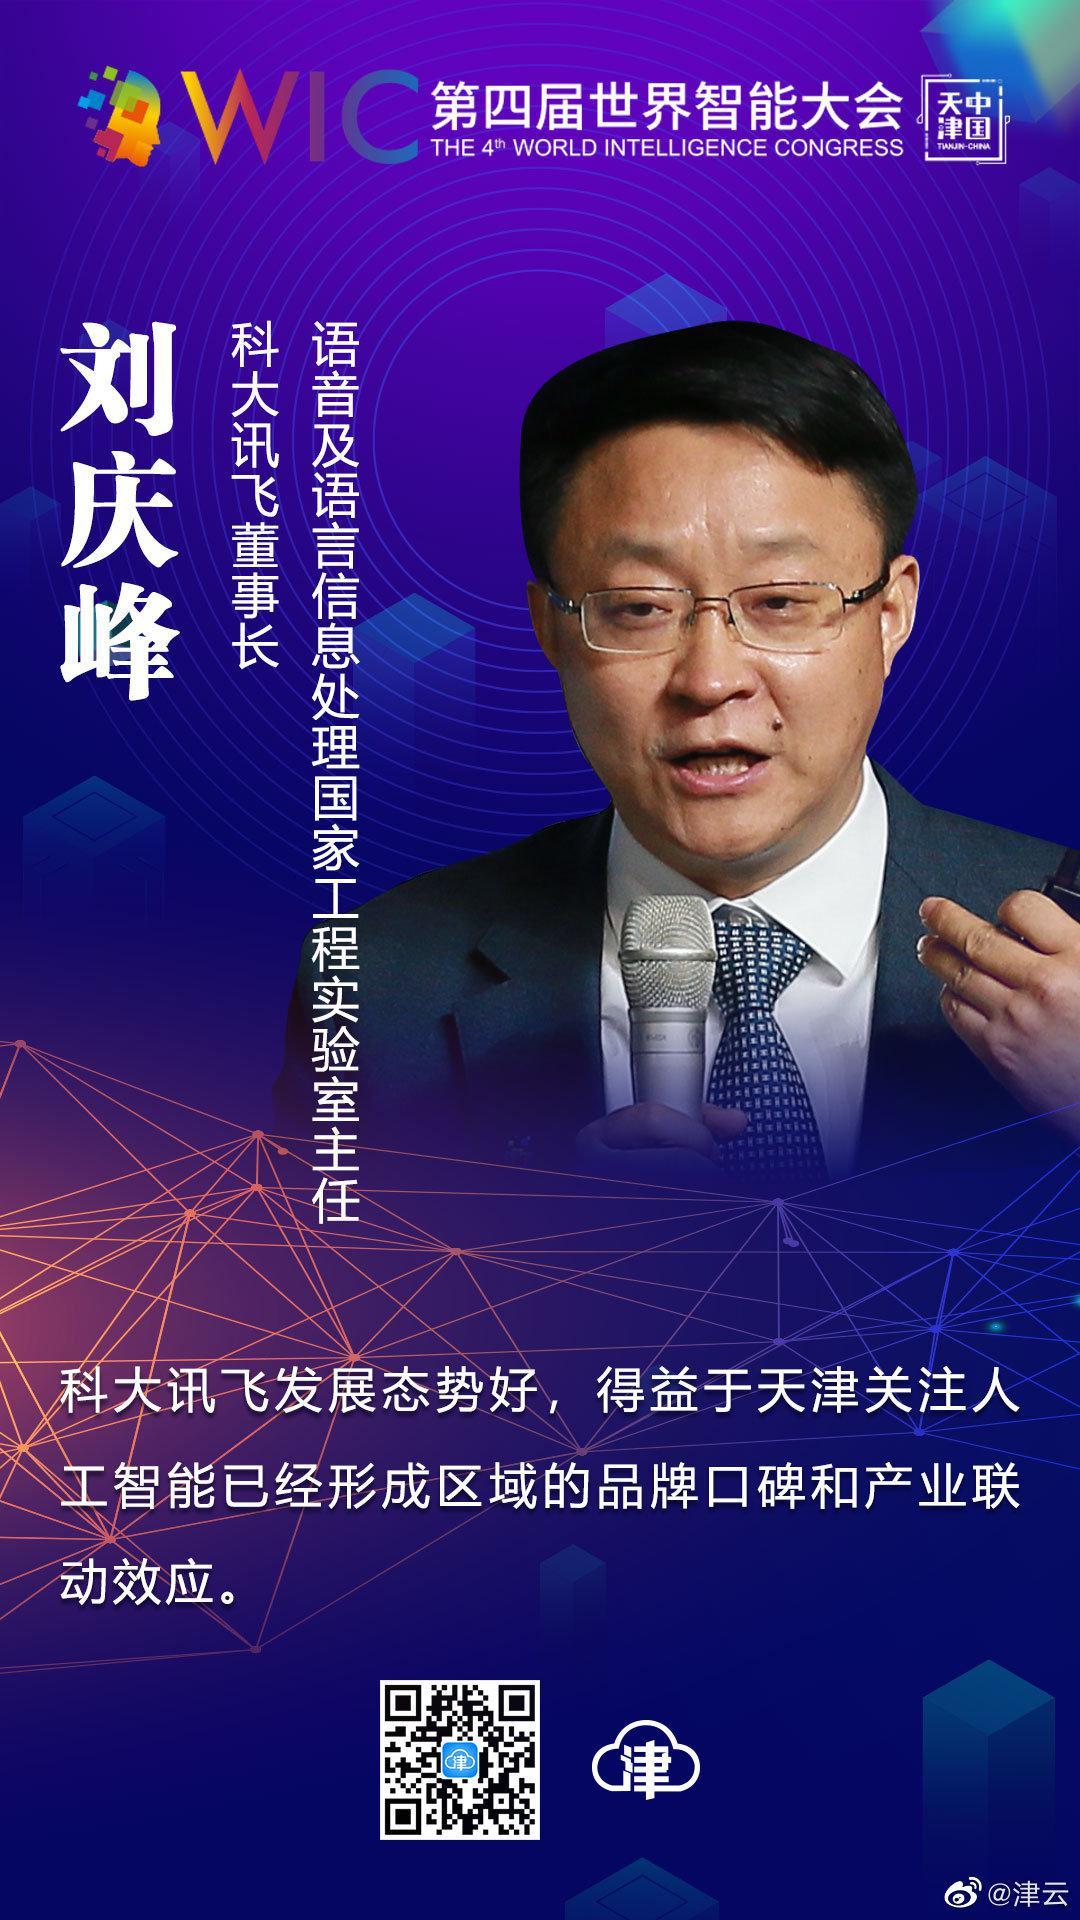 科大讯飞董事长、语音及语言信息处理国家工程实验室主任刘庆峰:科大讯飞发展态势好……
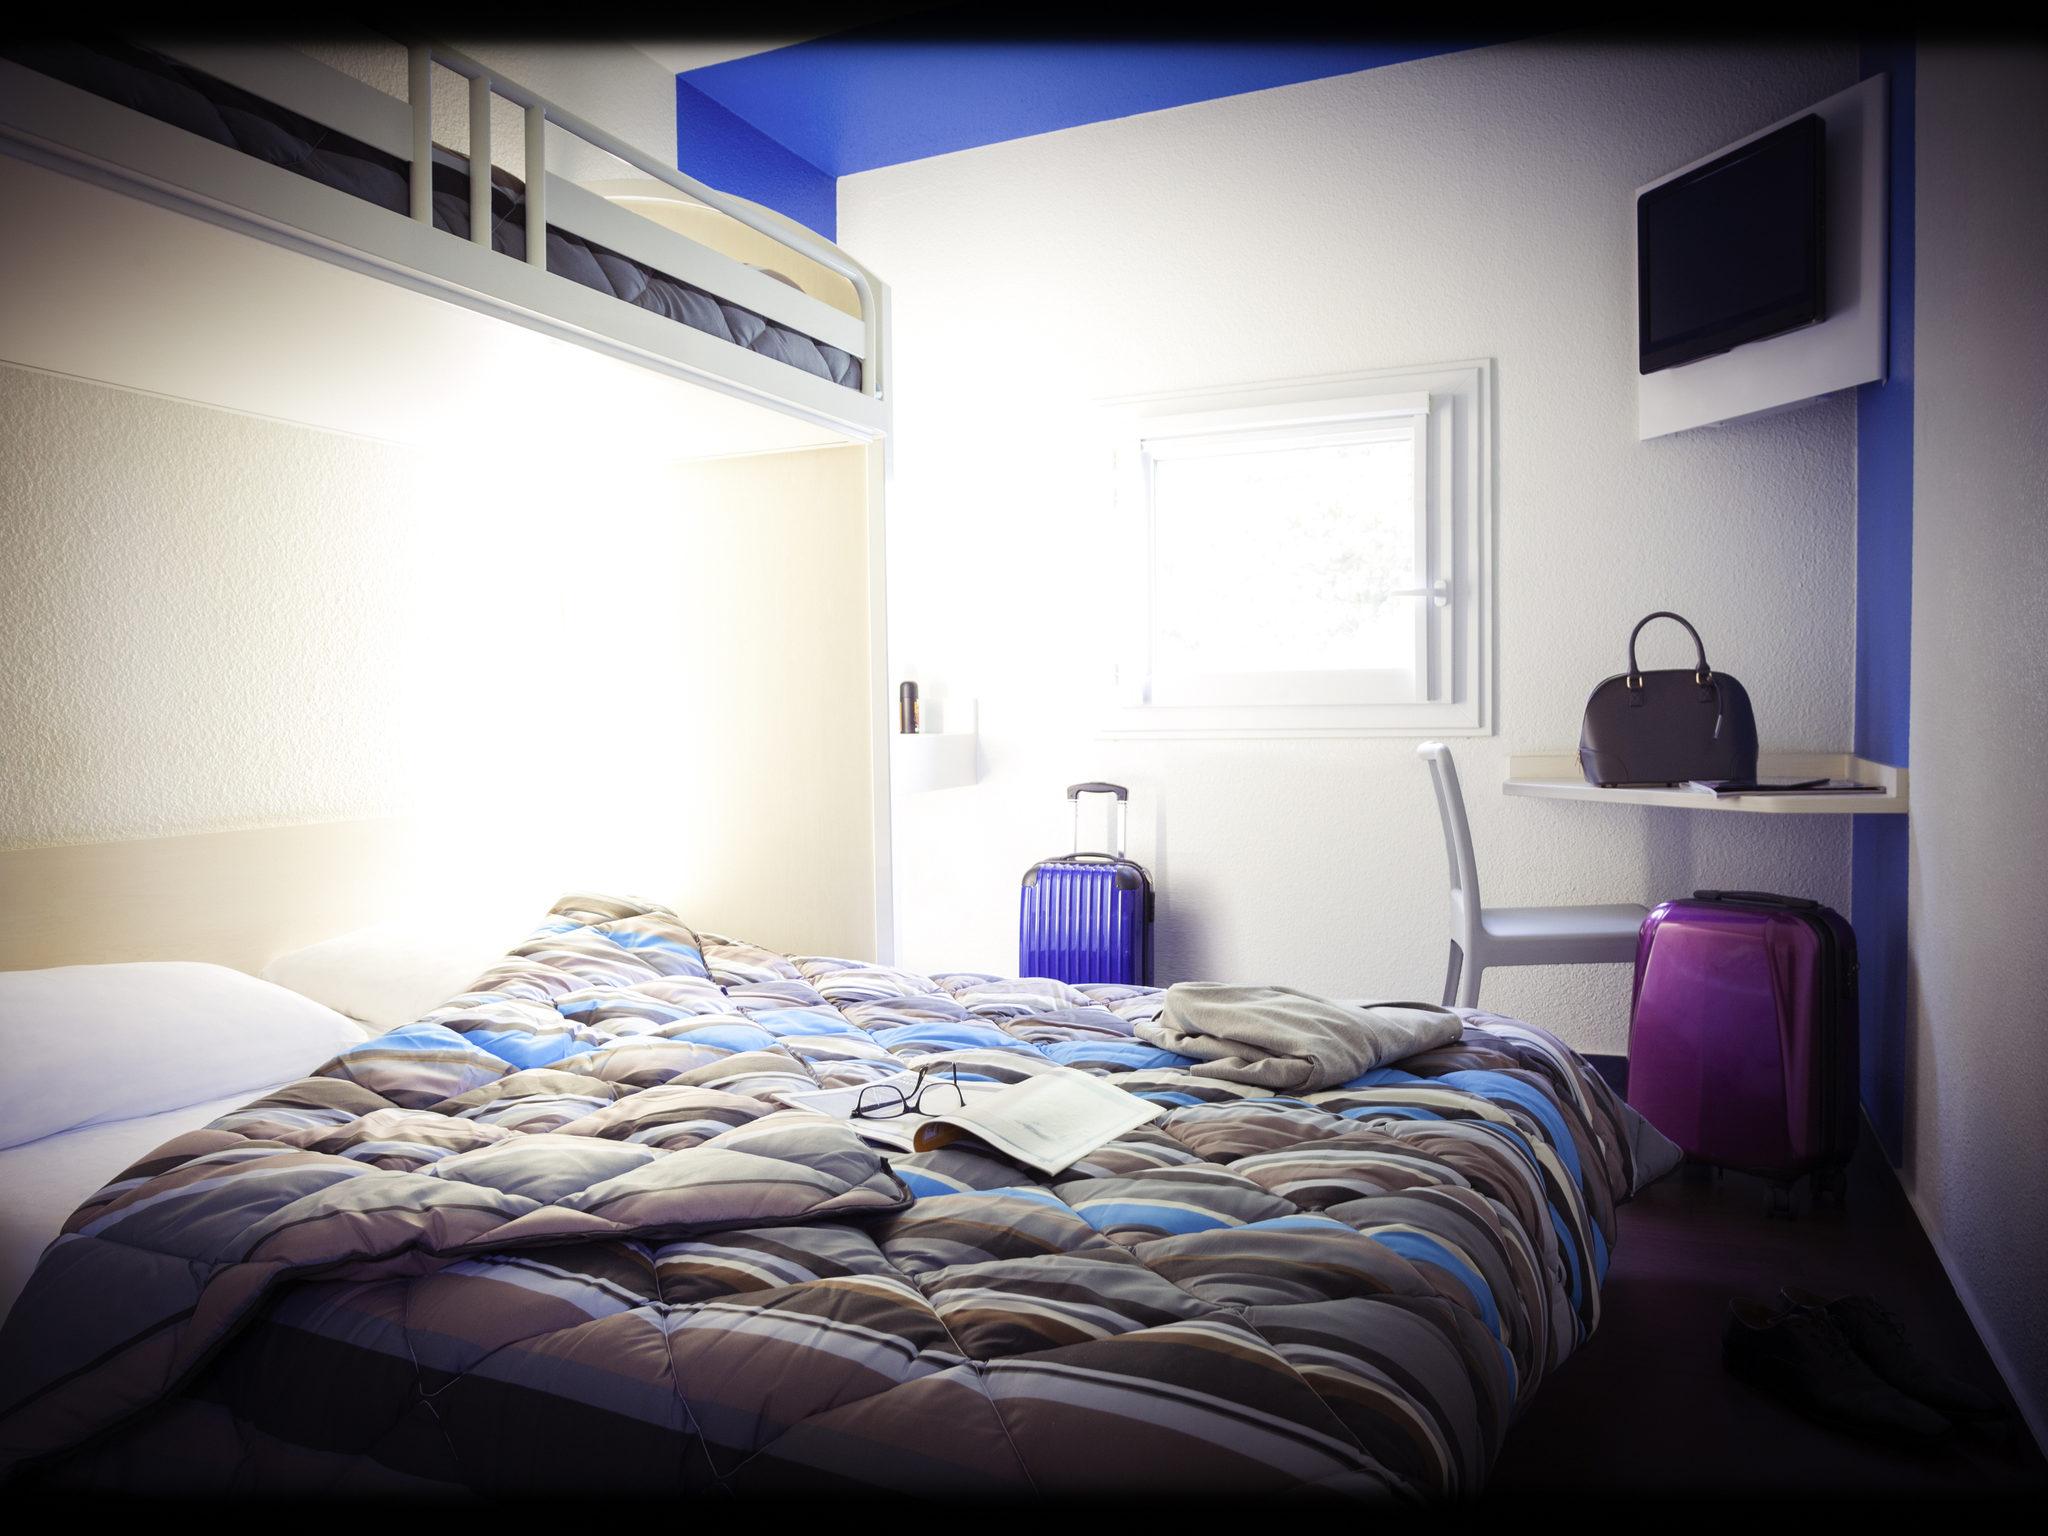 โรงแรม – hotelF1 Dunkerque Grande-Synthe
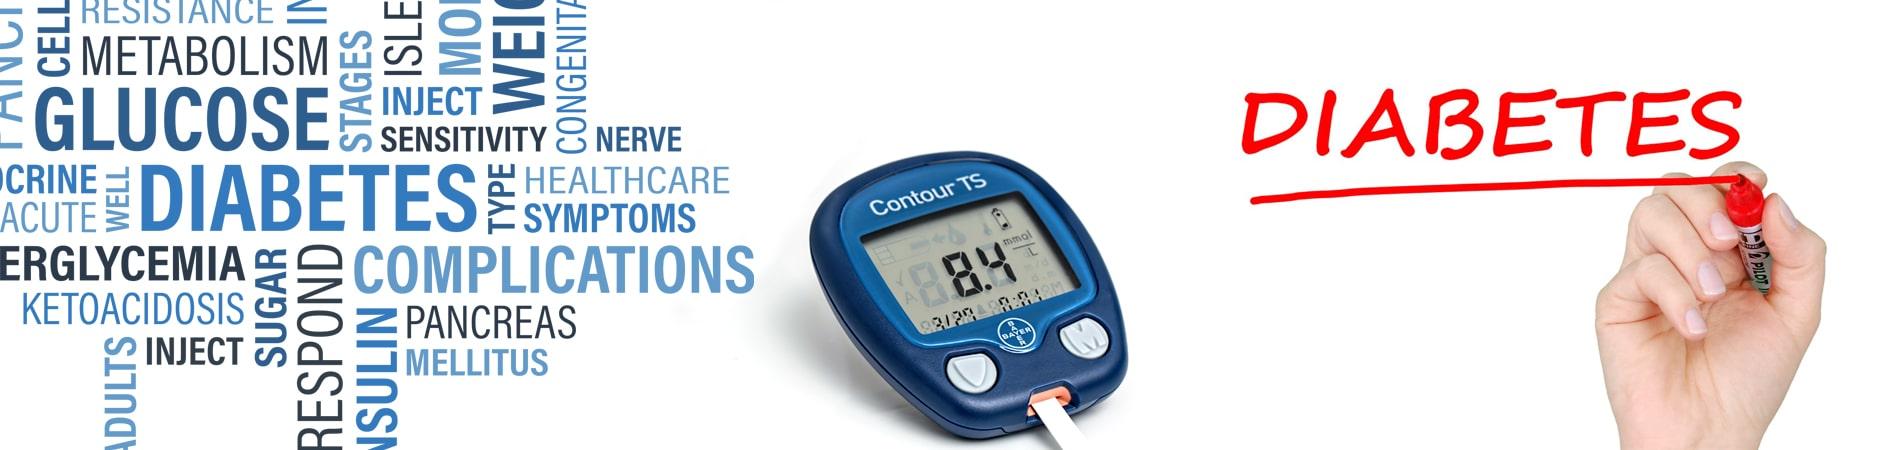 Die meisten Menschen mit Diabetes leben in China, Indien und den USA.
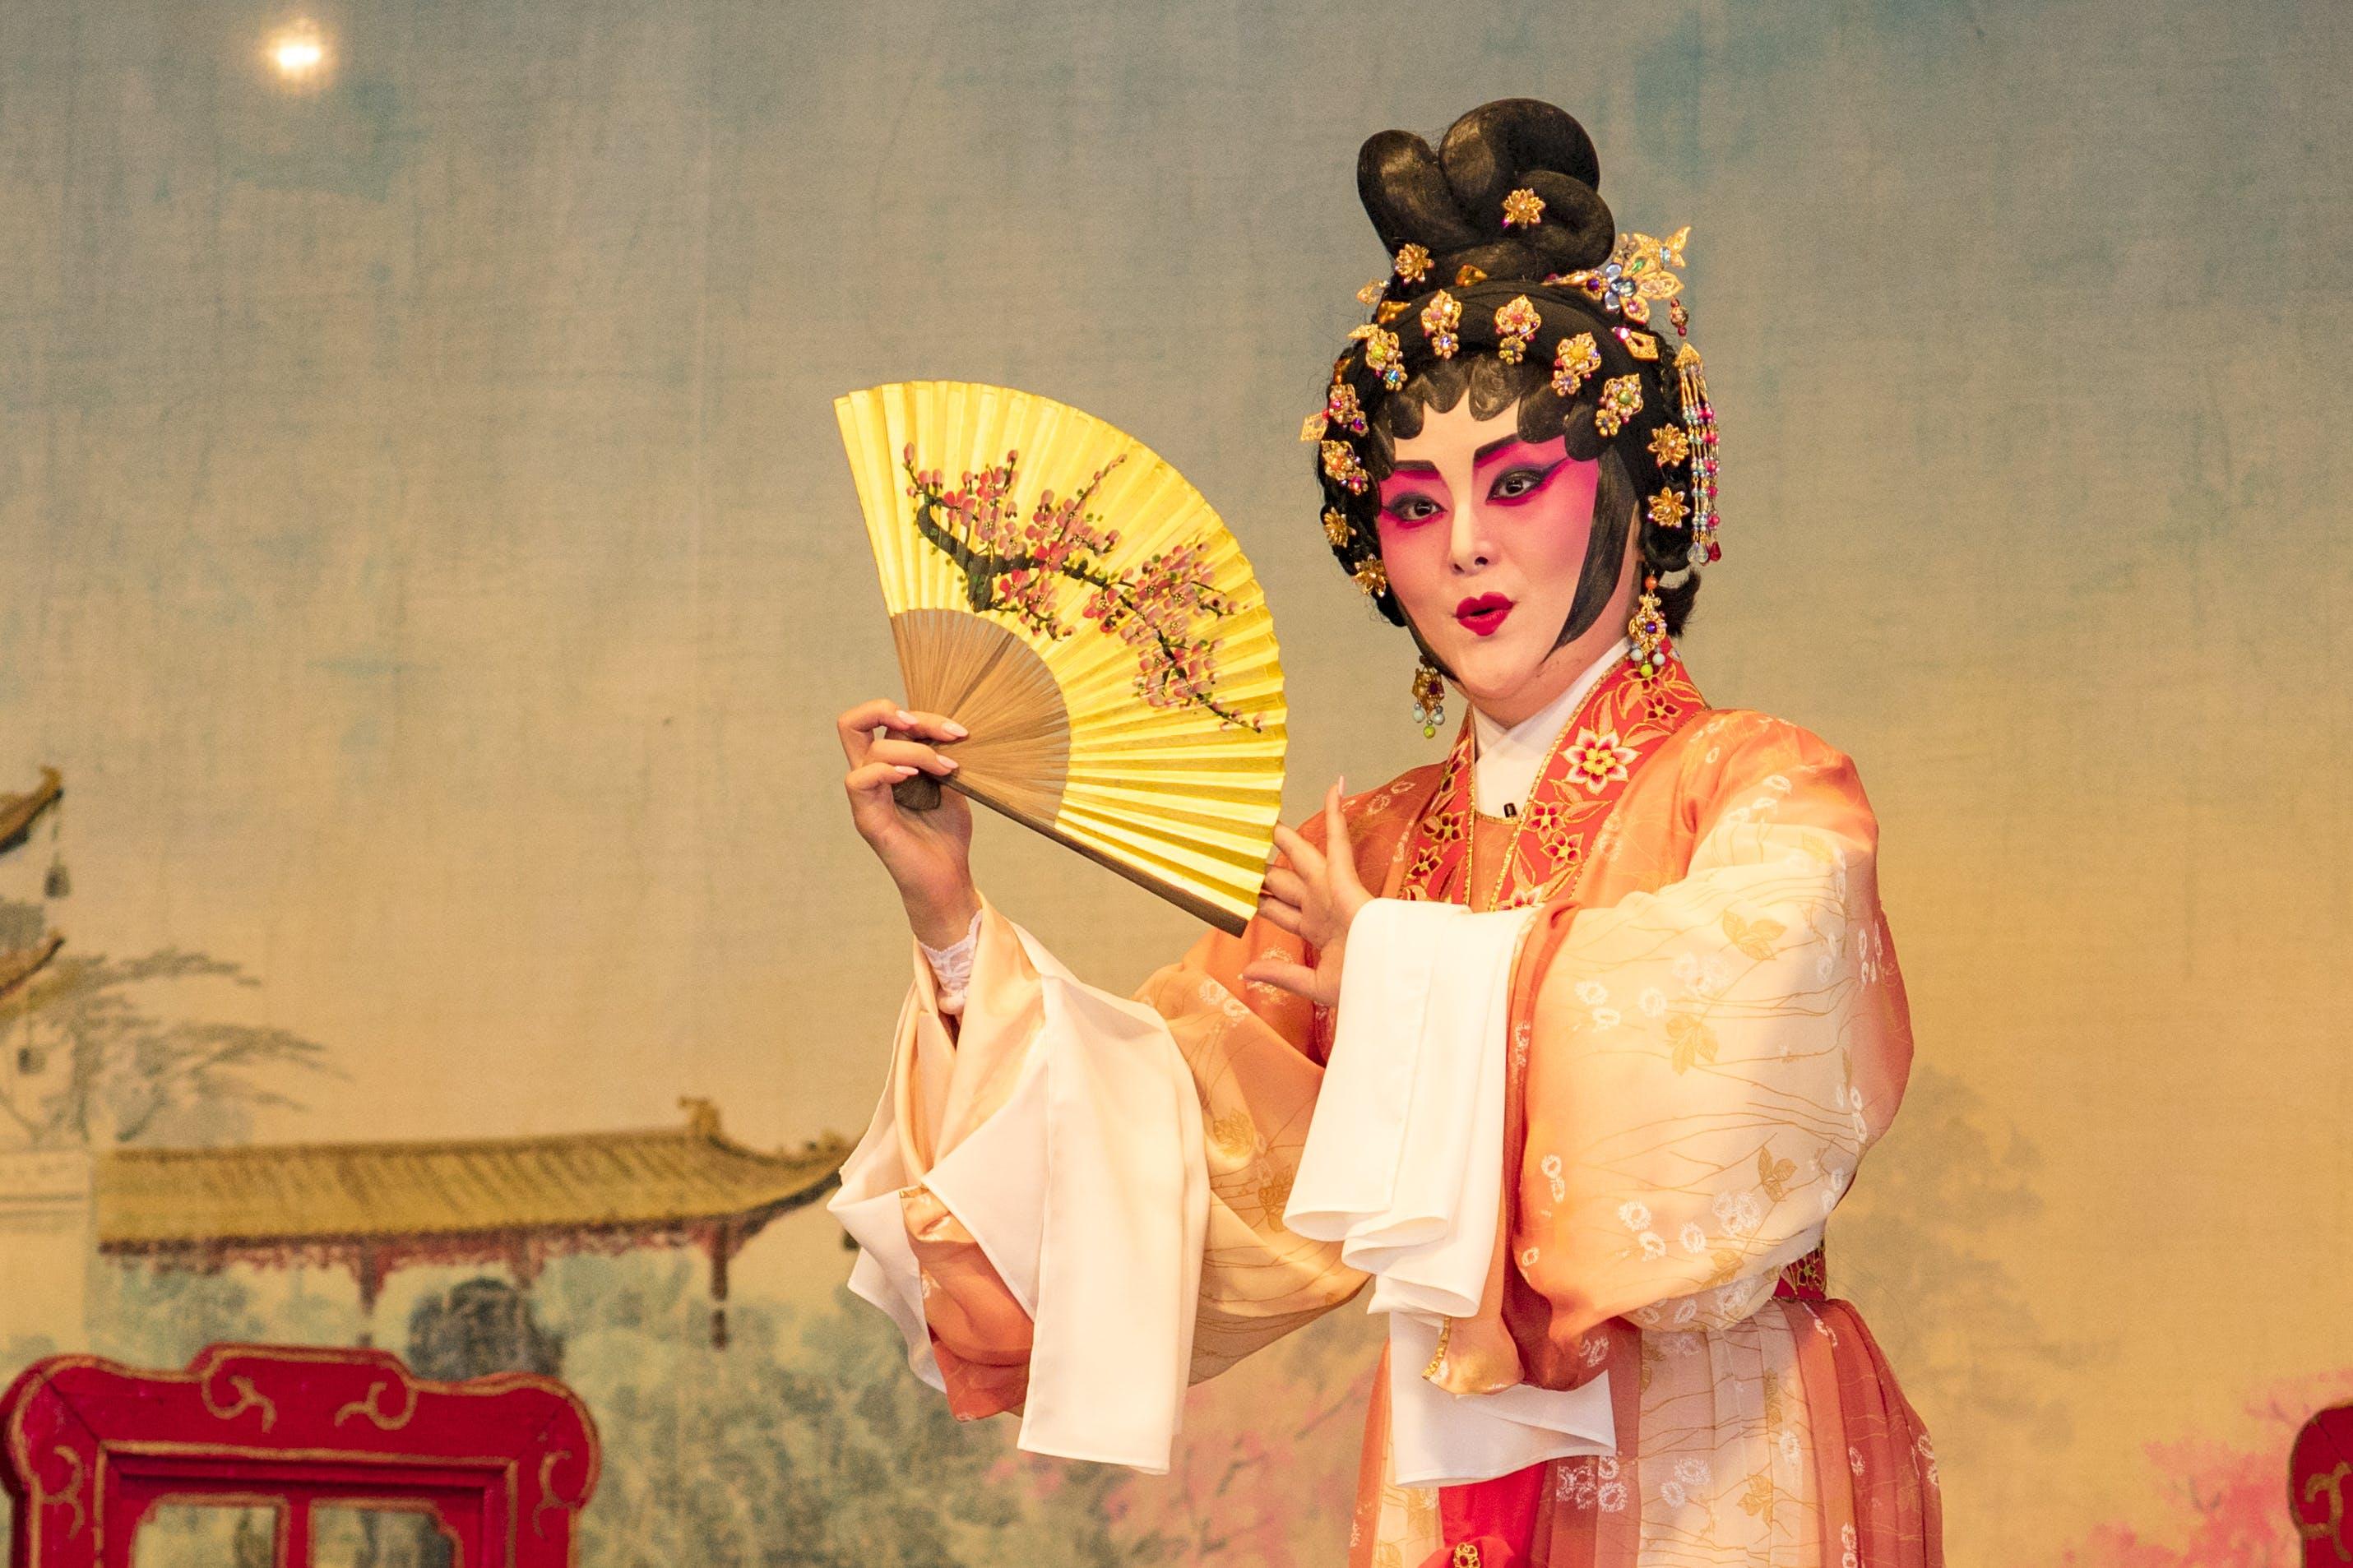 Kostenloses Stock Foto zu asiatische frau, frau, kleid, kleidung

What you will do
Take every line of the material and copy it exactly, leaving out the pictures.

Output below
 科大讯飞董事长、语音及语言信息处理国家工程实验室主任刘庆峰:科大讯飞发展态势好……
 โรงแรม – hotelF1 Dunkerque Grande-Synthe
 Die meisten Menschen mit Diabetes leben in China, Indien und den USA.
 Kostenloses Stock Foto zu asiatische frau, frau, kleid, kleidung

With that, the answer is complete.